De son côté, la Russie a lancé une offensive majeure en Ukraine en direction de Kharkiv au moment même où Vladimir Poutine nommait un nouveau ministre de la Défense, Andreï Belooussov, spécialiste de l’industrie, indiquant ainsi l’importance de l’économie de guerre dans la stratégie russe qui se place clairement sur le long terme. Nul doute que le Kremlin cherche à obtenir un succès symbolique pour décourager les Européens avant les élections européennes et pour saper le soutien américain à l’Ukraine quelques mois avant l’élection présidentielle de novembre 2024. En parallèle, le Kremlin a multiplié les pressions pour que le parlement géorgien adopte une loi pro-russe qui stigmatise toute entité financée à plus de 20 % par des fonds étrangers, notamment les médias et les ONG. Cette loi visant à remettre en cause l’orientation pro-européenne de la Géorgie a suscité des manifestations monstres à Tbilissi. La présidente géorgienne pro-européenne Salomé Zourabichvili y a opposé son véto, aggravant ainsi la crise institutionnelle. La Géorgie vit en ce moment son Maïdan, loin des caméras européennes braquées sur l’Ukraine et Gaza, mais aussi sur Bruxelles puisque les pays de l’UE s’apprêtent à voter pour les élections européennes. La même indifférence internationale touche le Soudan (voir la carte du mois) qui s’enfonce pourtant dans une guerre civile qui est en train de provoquer « l’une des pires catastrophe humanitaire de mémoire récente » selon le bureau de l’ONU en charge des opérations humanitaire (OCHA).

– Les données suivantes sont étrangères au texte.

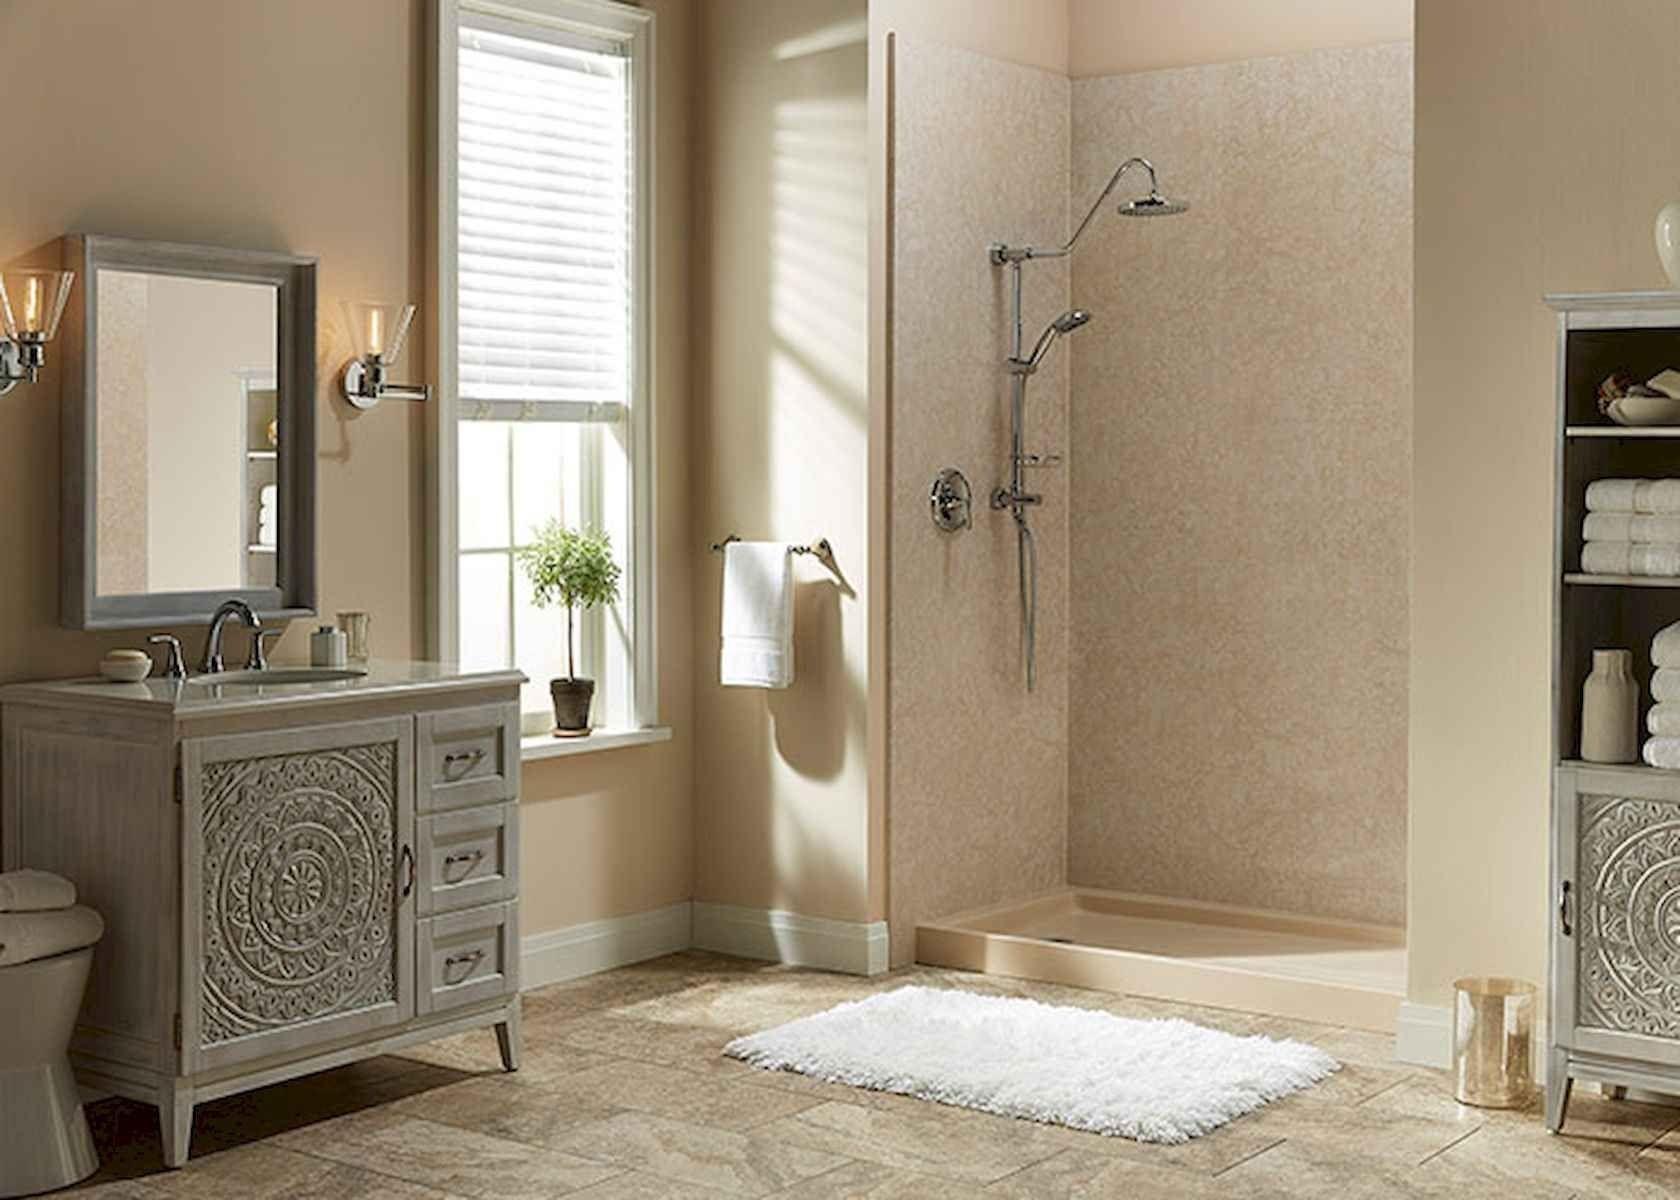 01 Cool Small Master Bathroom Remodel Ideas Bathroom Inspiration Modern Zen Bathroom Decor Bathroom Remodel Master

Les Français et les Européens doivent prendre en compte le fait que nombre de nos partenaires hors d’Europe, tout particulièrement au sud, adhèrent à des agendas souverainistes et traditionnalistes qui ne coïncident plus du tout avec les nôtres. Plus que leur naïveté présumée, le désavantage structurel des Européens est qu’ils s’interdisent de considérer les concepts utilisés à leur encontre par leurs adversaires et leurs compétiteurs : le phénomène religieux (lire l’article sur ce sujet) , le nationalisme assumé (en savoir plus) et l’imposition d’un rapport de forces. Il ne s’agit pas de faire l’éloge de ces concepts, mais de constater que ceux-ci font mouche dans les opinions publiques qui nous tournent le dos les unes après les autres.